森林と環境

はじめに
 森林は表土に根茎を伸ばし、根をマットのように絡みつかせて、地表を広く、覆う植生である。K氏の森林こそが、地上の環境を一体となって連続しており、人間の環境をも形成しているという考えは間違いではないだろう。原始林の中で生活する人類の姿を考えれば、納得できるかもしれない。地表、土壌、樹木の根茎を意識すると、地下につながった地表を覆う森林の姿が浮かんでくる。失われた森林も、いつか、地下の土壌の力で復元できるのだという考えは、潜在自然植生という考えの中にもあるのであろう。
 地上で見る森林は、空間を包み込んでいるように感じられる。風が森林の中を吹き抜ける時も、その風を木々の樹冠は風を留めて、ざわめきの音に換えているようである。林内の空間は、森林が捕まえている大気におだやかに満たされている。林外の強い風、皮膚に突き刺すような、湿気または乾燥や、熱気や寒気は、程よい潤いと微風に代ってくる。
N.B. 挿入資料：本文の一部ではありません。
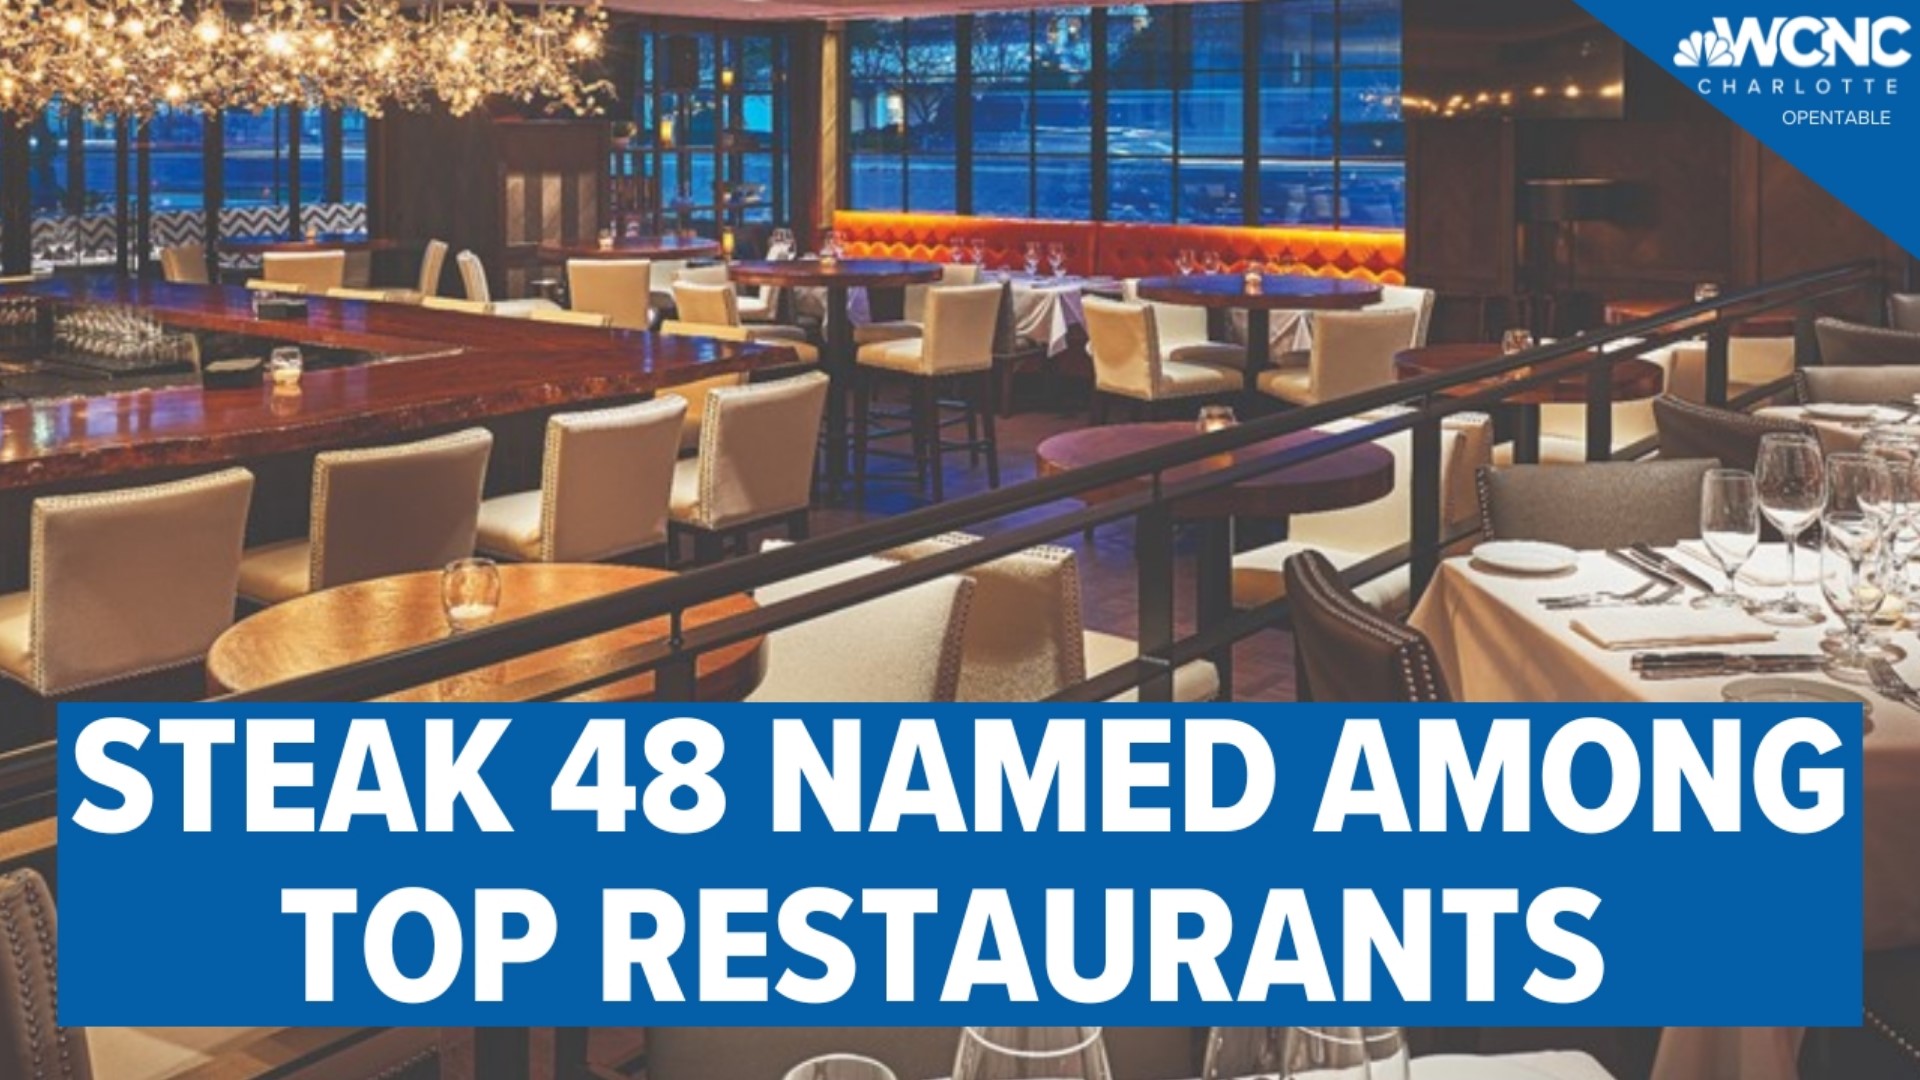 A Charlotte restaurant is among the top 100  across the US as selected by OpenTable diners.

 森林の樹木は陽光に向かって枝を伸ばし、樹冠は陽光を迎え入れているかのようのである。陽光を生命の活動の糧として、森林そのものが陽光から生み出されたようである。日中の過酷な陽光と朝夕や曇天の僅かな陽光をより分けて、林内は穏やかな光の中で、下層の植物が育っている。多層な生命の循環を生み出している。
 森林は物理的な環境を利用する生命の複合体であり、また、生命の輝かしい活動に充ちた環境を作り出している。